Lower volatility, probably. Easier psychologically – sure. A dividend strategy may be less tax efficient for some people though. Dividends and short-term capital gains are effectively taxed at marginal IT rates, long-term capital gains have a lower tax rate (even zero for some folks). It may be better to sell some shares periodically vs receiving a dividend.
I believe that like long term capital gains, qualified dividends are taxed at 0% or 15% or 20%, not as ordinary income.
Exactly. In our taxable account each year the question is always what percentage of dividends will be ordinary vs. qualified.

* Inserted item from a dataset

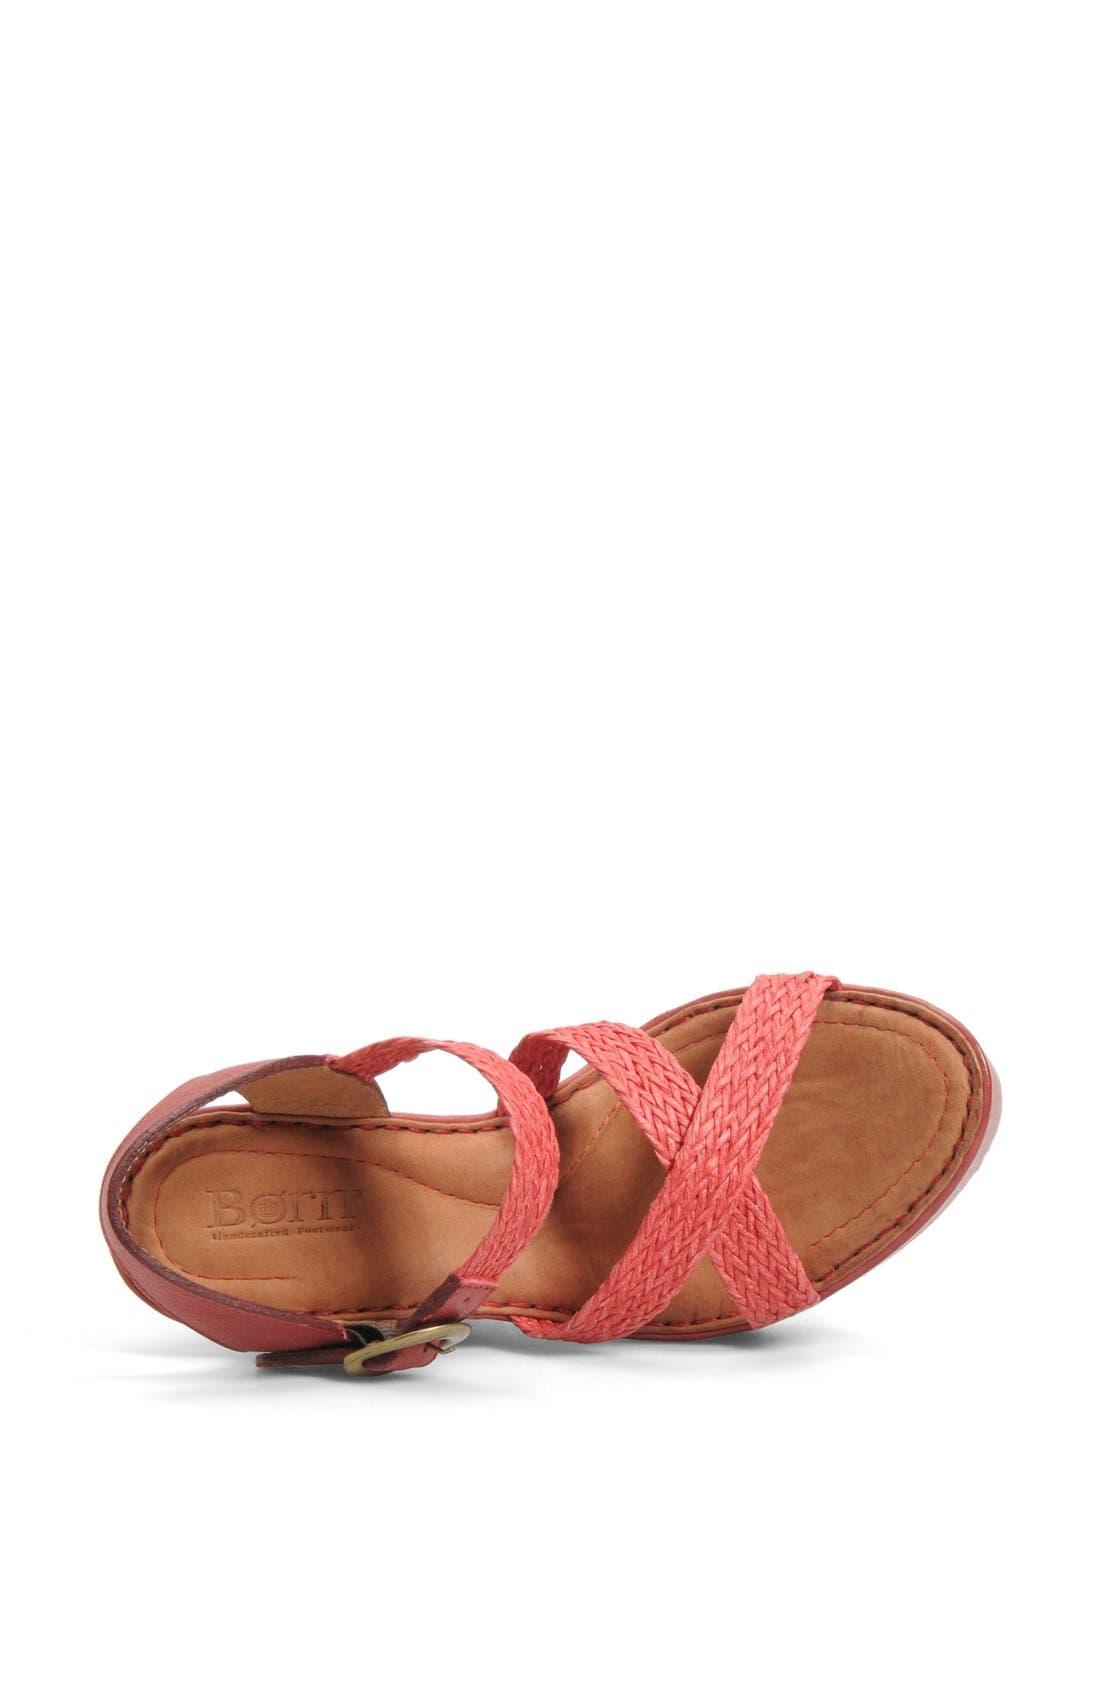 Alternate Image 3  - Børn 'Estefania' Wedge Sandal

Always enjoy Adam’s writing. But the comment that dividend funds are inferior to broader market index funds due to tax inefficiency seems overstated.
I agree high dividend yield funds are tax inefficient, but wouldn’t say that about dividend growth funds. Yes, their dividend is still higher than a total market or S&P 500 index fund, but the difference is very small. (For example a yield of 1.7% for Vanguard Dividend Appreciation VIG versus 1.25% for total market index VTI or 1.26% for S&P 500 index VOO.)
This seems to be a small price for the quality factor mentioned and its lower volatility, especially for a retiree.
Great article as usual, Adam. I would like to add, it is common knowledge that Warren Buffett and Berkshire eschew dividends ( and splits), I believe they paid one dividend, decades ago, though, and that has worked out pretty well!
Buffett eschews paying dividends, but if you look at the publicly traded companies he and his lieutenants invest in for Berkshire, they are often strong dividend payers.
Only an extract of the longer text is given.